Текущая страница: 1 (всего у книги 3 страниц) [доступный отрывок для чтения: 1 страниц]
Нина Станишевская
Письма без адреса
© Станишевская Н.П., 2015
© ПРОБЕЛ-2000, 2015
* * *
Воспоминания – это тот рай, откуда мы не можем быть изгнаны.
Рай
Свой жизненный путь я начала на рассвете сентябрьского утра. Я появилась на свет из хрустального облака. Вокруг небо, солнце, цветы и ничего более. Да, еще и лето, лето всегда. Но к пяти годам ко мне уже приходят более конкретные ощущения.
Мы живем на «закрытой территории». Это большой двор, обнесенный серым забором, по верху которого в три ряда натянута колючая проволока. Проходная с военизированной охраной. На территории четыре деревянных коттеджа. Один из них, самый дальний, как бы в два этажа обвит цветами. Там живет начальник. А рядом – Научно – исследовательский, химический институт – НИХИ – институт химзащиты войск. Иприт, люизит – вот два слова, которые чаще других произносятся здесь.
Все взрослые мужчины нашего двора работают в этом институте, хорошо знают друг друга. Летом на террасах вместе пьют чай. Иногда даже вместе проводят отпуск.
В дальнем углу нашего обширного двора теннисный корт. Летом вечерами все там. Дети на скамеечках, взрослые играют в теннис, устраивают соревнования. Мамина ракетка до сих пор висит на стене и украшает мою комнату на даче.
Ближе к реке Яузе, почти на самом ее берегу, – баскетбольная площадка. А рядом место и для нас, детей, где мы проводим почти весь день. Утром приходим сюда, под навесом завтракаем, потом воспитатели занимаются с нами. Обедаем и даже спим на раскладушках. И только когда сырость от реки начинает окутывать плечи, все расходятся по своим квартирам.
Рядом с коттеджами стоит четырехэтажный кирпичный дом. На верхних этажах небольшие комнаты для одиноких сотрудников института, а на первом этаже большая столовая, где можно и завтракать, и обедать, и ужинать, а можно взять еду домой. Цены мизерные, поэтому, когда у родителей денег мало, то мама берет обед для всех нас домой.
Зимой в этой столовой часто устраивают концерты для взрослых. Столы сдвигают в сторону, расставляют стулья, и начинается концерт.
Два раза в неделю для занятий с детьми приходит педагог, раздает красные деревянные дудочки и учит детей на них играть.
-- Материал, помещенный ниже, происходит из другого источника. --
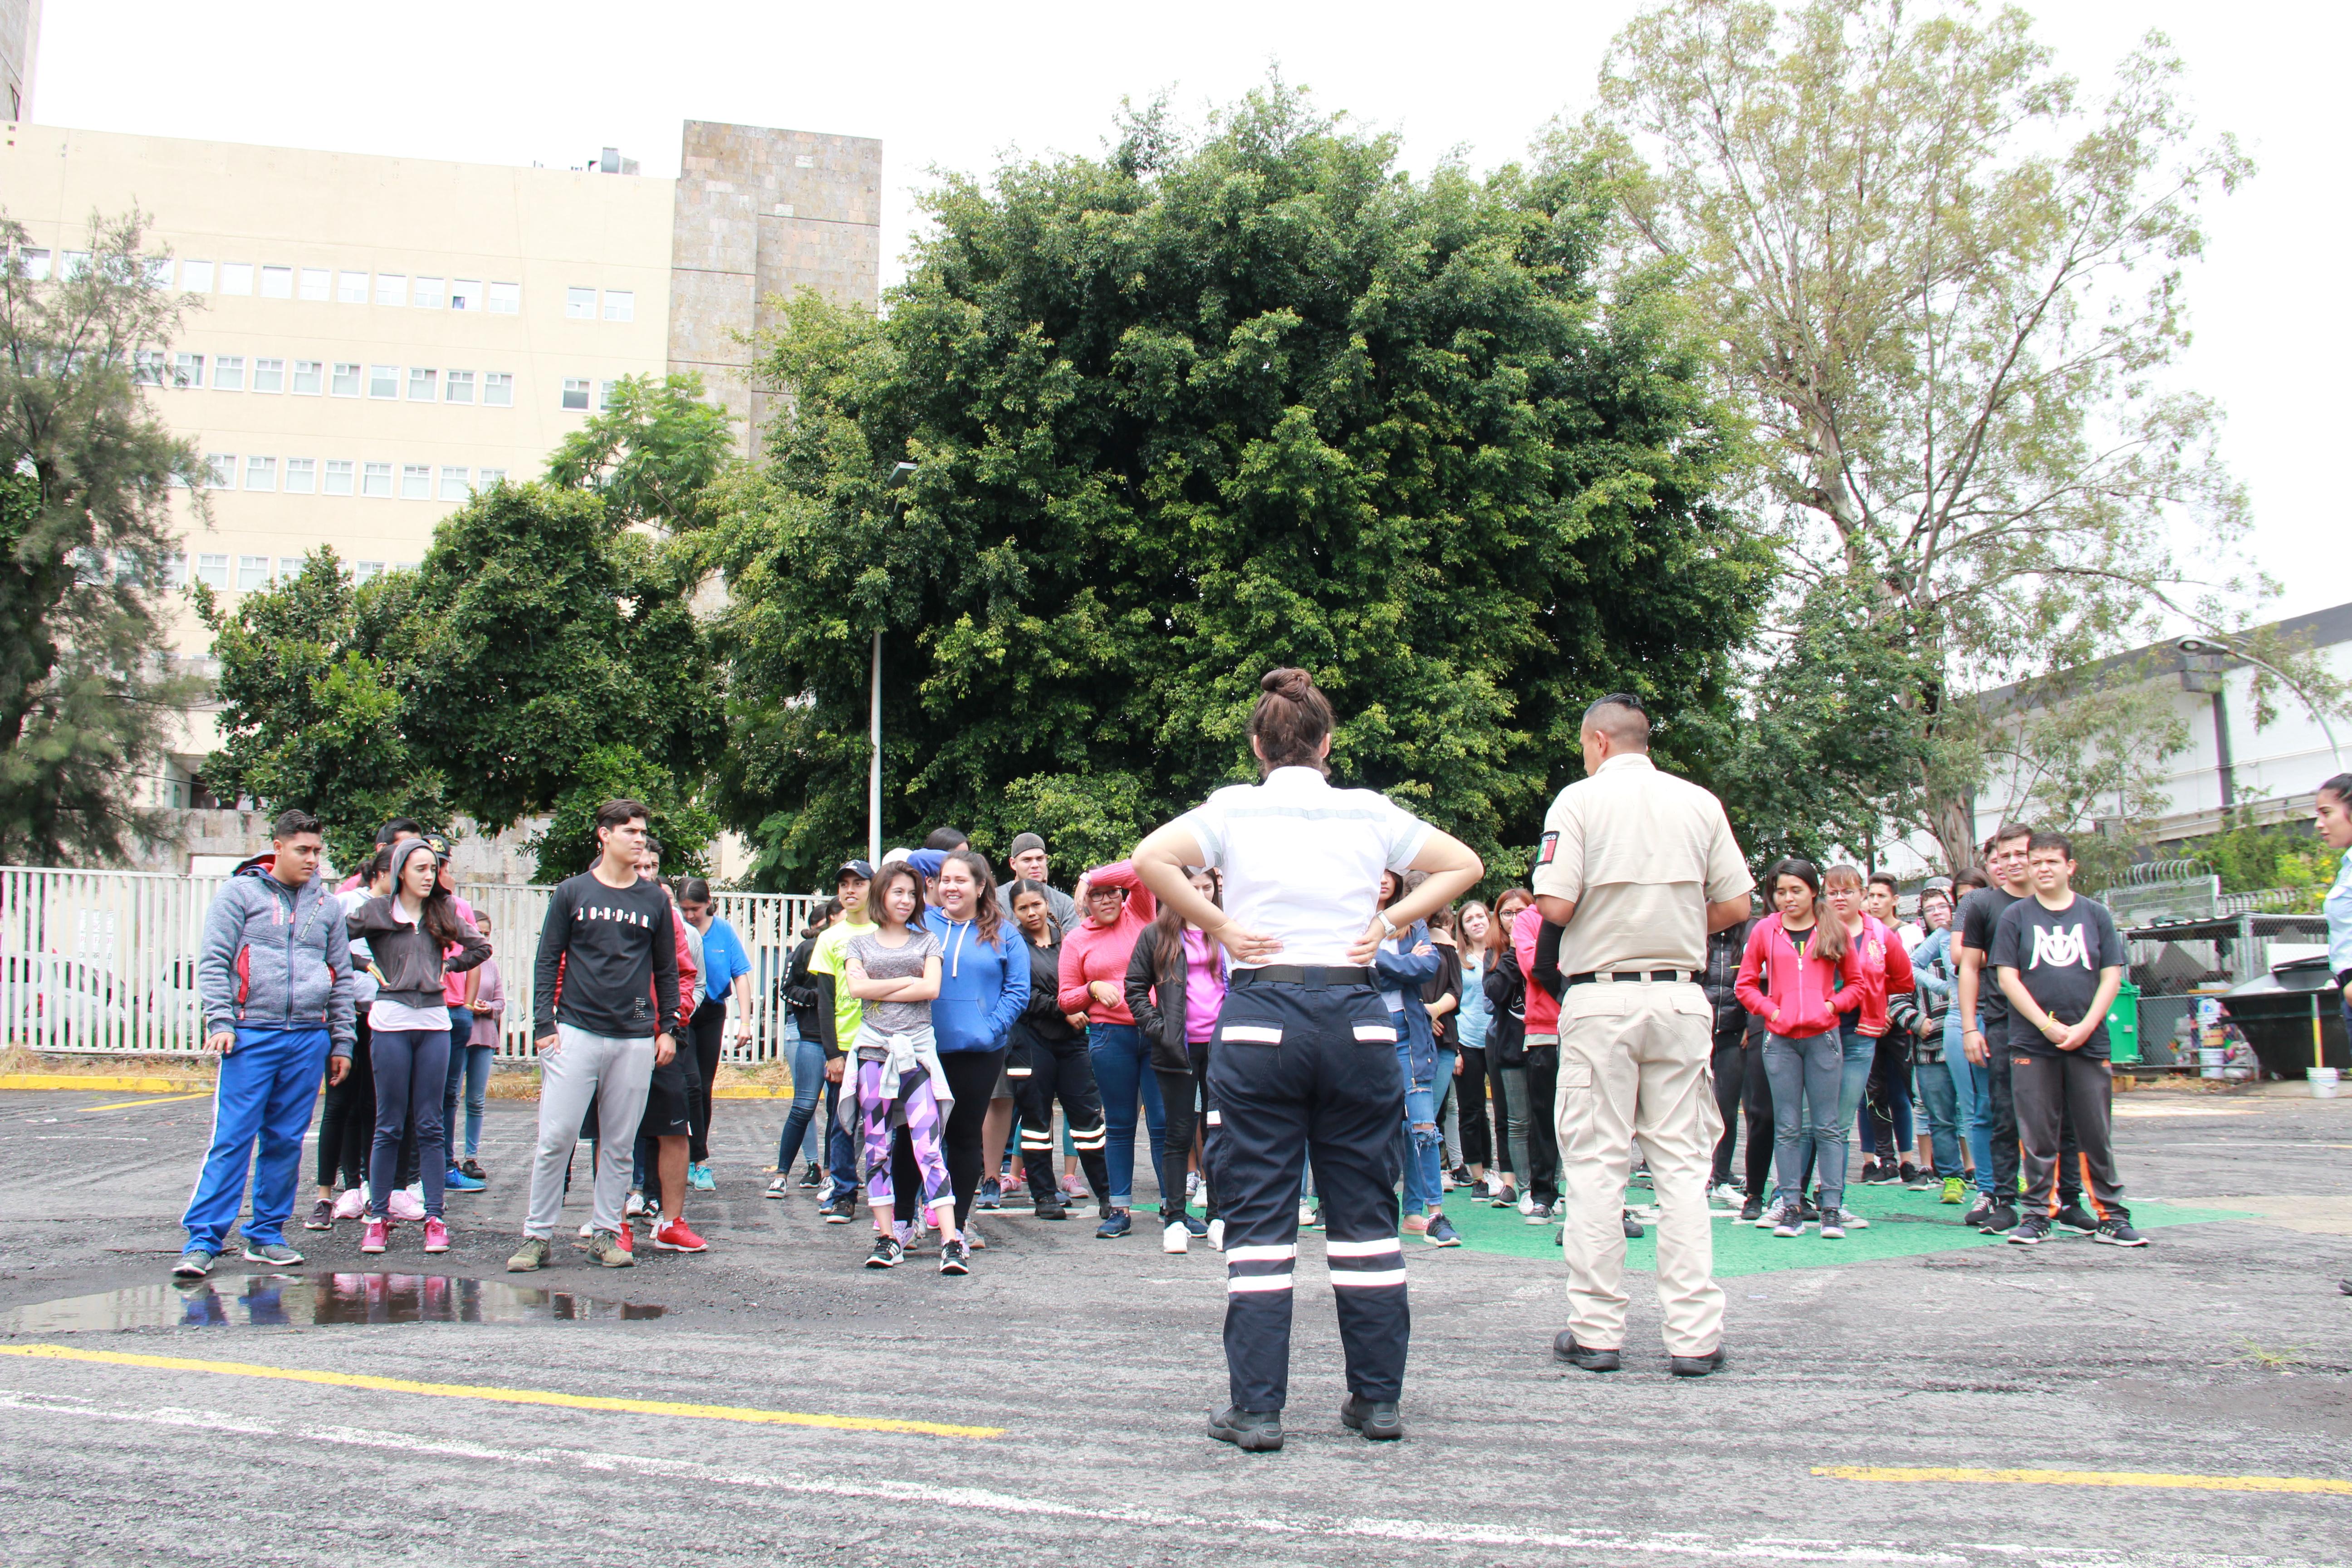 Voluntaria de protección civil organizando a un grupo de estudiantes en uno de los estacionamientos

Ближе к весне мы в той же столовой даем концерт для наших родителей.
В этом кирпичном доме на верхнем этаже жил папин друг Казимир Янковский. Вскоре он женился на маленькой темноволосой Галине, и у них родился сын. Мы с папой пошли смотреть младенца. Казимир держал его на своих широких ладонях и счастливо улыбался.
А недавно в одном из журналов я обратила внимание на беседу журналиста с директором Института общей генетики Николаем Казимировичем Янковским. Неужели это тот самый младенец, которого я помню на руках отца. А мне было тогда лет пять. Звоню. Да, это действительно он. Я рассказываю Николаю Казимировичу все, что помню об его отце, об общих с моим отцом друзьях. Мы беседуем долго, несмотря на то, что в этот день ему присвоили звание члена – корреспондента Академии Наук, и его ждал небольшой фуршет в своем коллективе. Вот тебе и генетика!
Наша семья в одном из коттеджей занимала комнату в двухкомнатной квартире, а вторая комната до поры до времени оставалась пустой.
Однажды в пустующую комнату принесли железную кровать, письменный стол и стул. А через некоторое время появился и сам жилец – немец Вальтер Теобальтович Руф. Он тоже стал работать в институте, был молод и очень красив. Когда бы я ни заглянула в его комнату, он всегда сидел за письменным столом.
В 1932 году к нам из Краснодара приехали мамины родители. Они бежали от голода. Поселились у нас на тесной кухне, где почти все пространство было занято большой плитой, на которой готовили и зимой, и летом.
Чтобы не быть в тягость молодой семье, дедушка начал работать. Каждое утро он отправлялся в подсобное хозяйство на Яузе и оттуда привозил полную подводу овощей. Тут же, в углу у проходной на столе появлялись весы, и обитатели нашего двора раскупали всю эту зелень в течение 2-х – 3-х часов. Бабушка шила мне красивые платья: бархатные, шелковые, вышитые, с аппликациями, рюшами, воланами. Местные дамы тут же начали заказывать бабушке такие же для своих девочек. А потом, осмелев, бабушка начала обшивать и самих дам. Наша кухня стала бойким местом – здесь придумывали, кроили, примеряли и листали модные журналы.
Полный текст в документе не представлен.